§ **Exercise details**
An exact restatement of all the data is required, with the pictures left out.

§ **Recorded information**
***

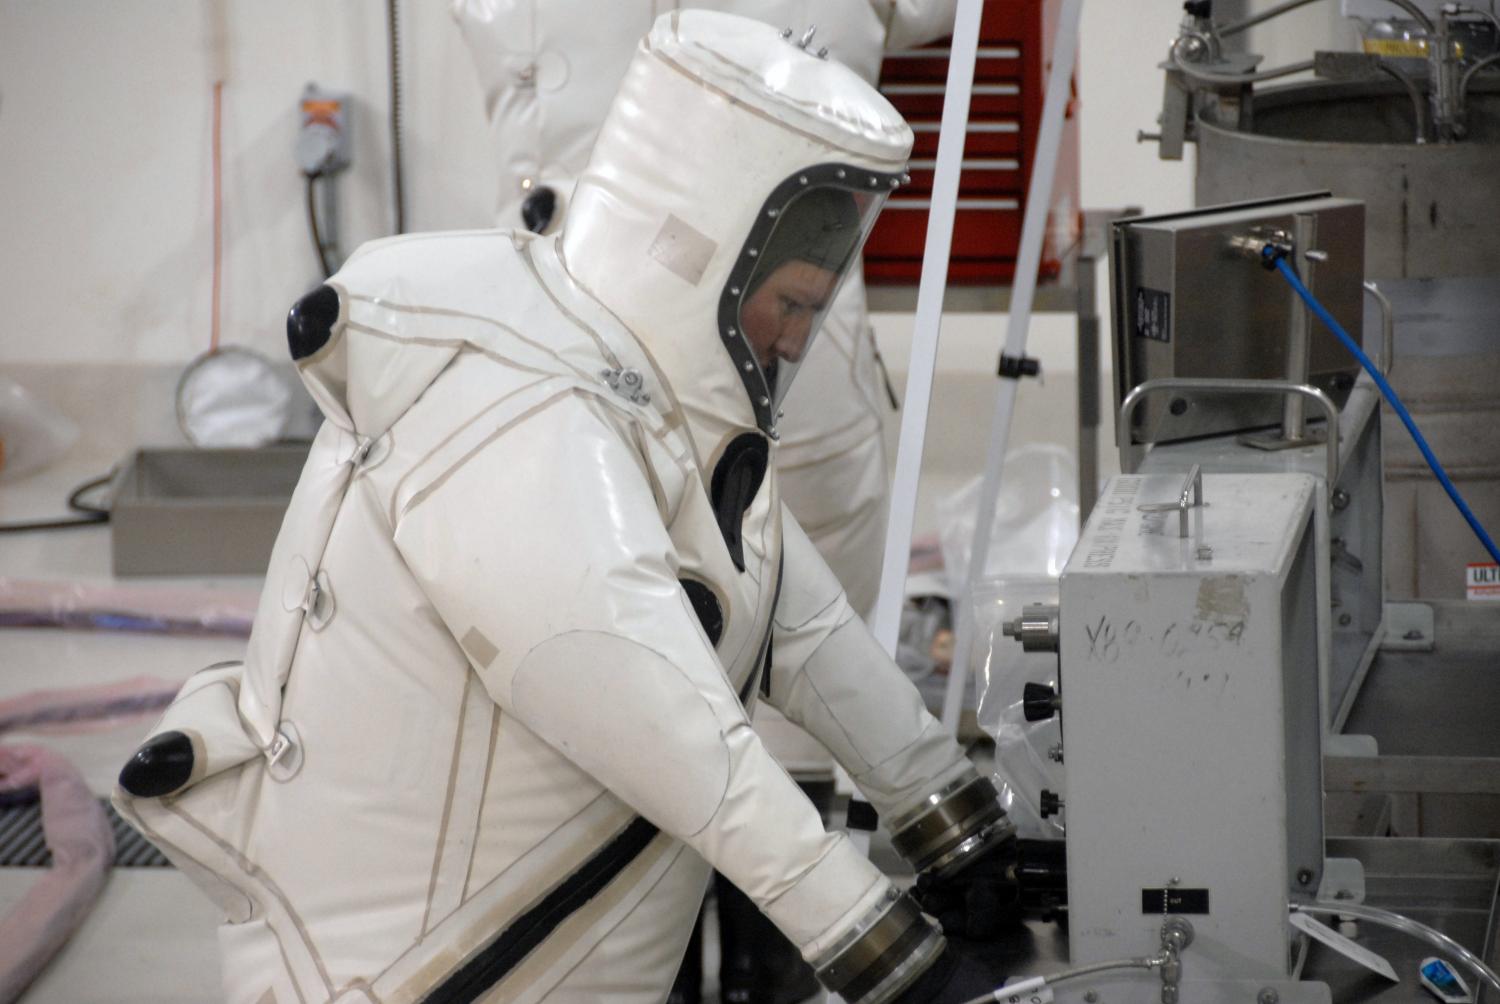 Scape Technician at panel
Photo: NASA
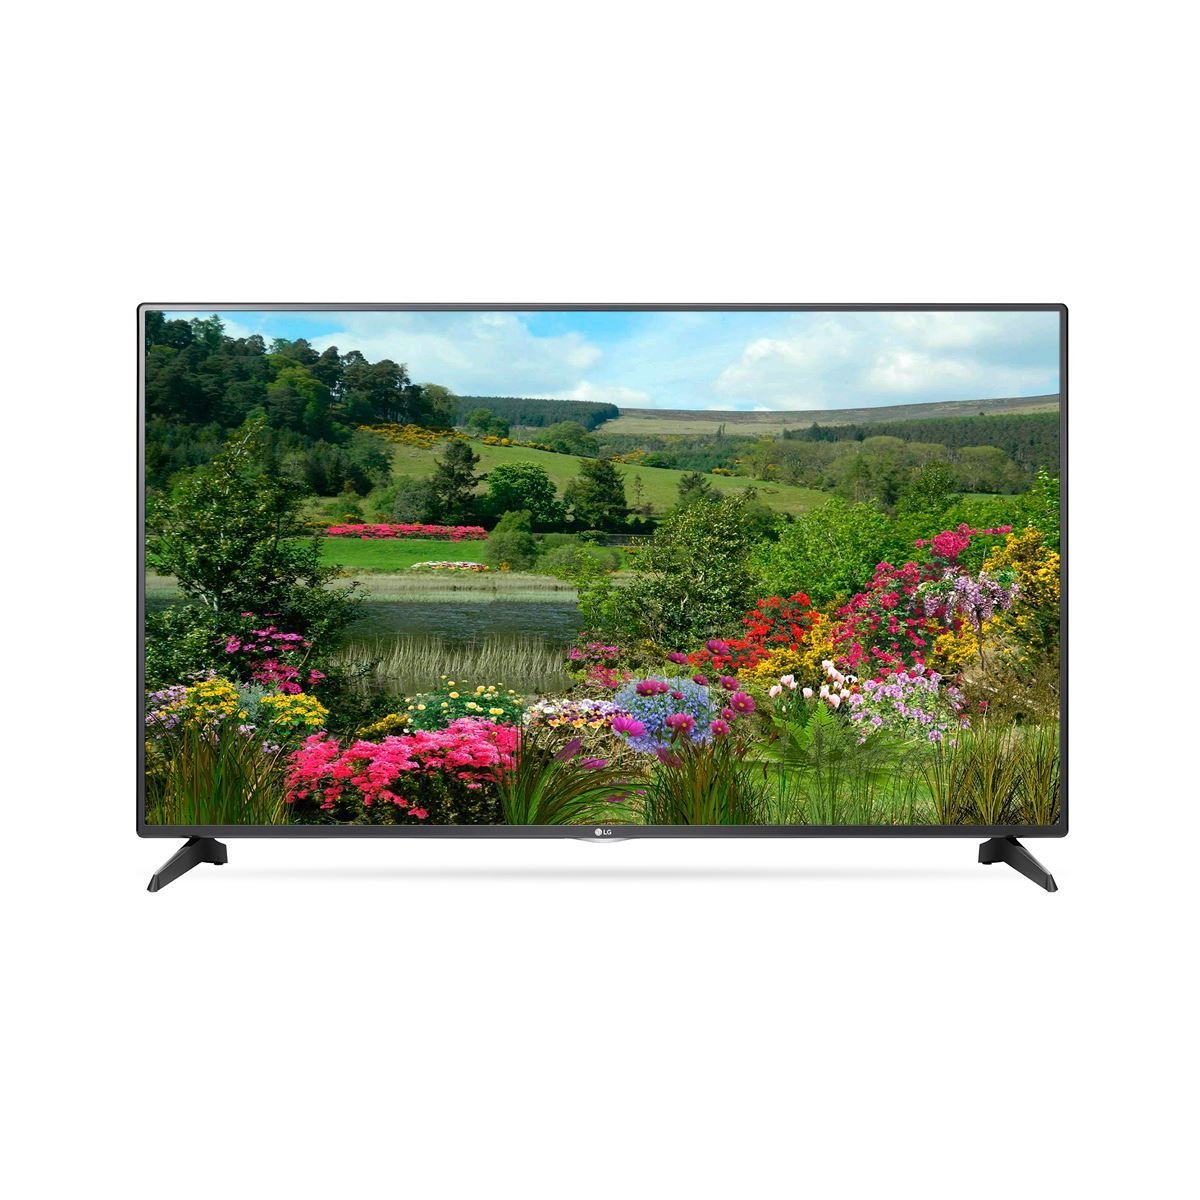 Pantalla LG 55” FHD Smart Tv 55LH5750

***

§ **Solution for this task**
 Scape Technician at panel
Photo: NASA
 Pantalla LG 55” FHD Smart Tv 55LH5750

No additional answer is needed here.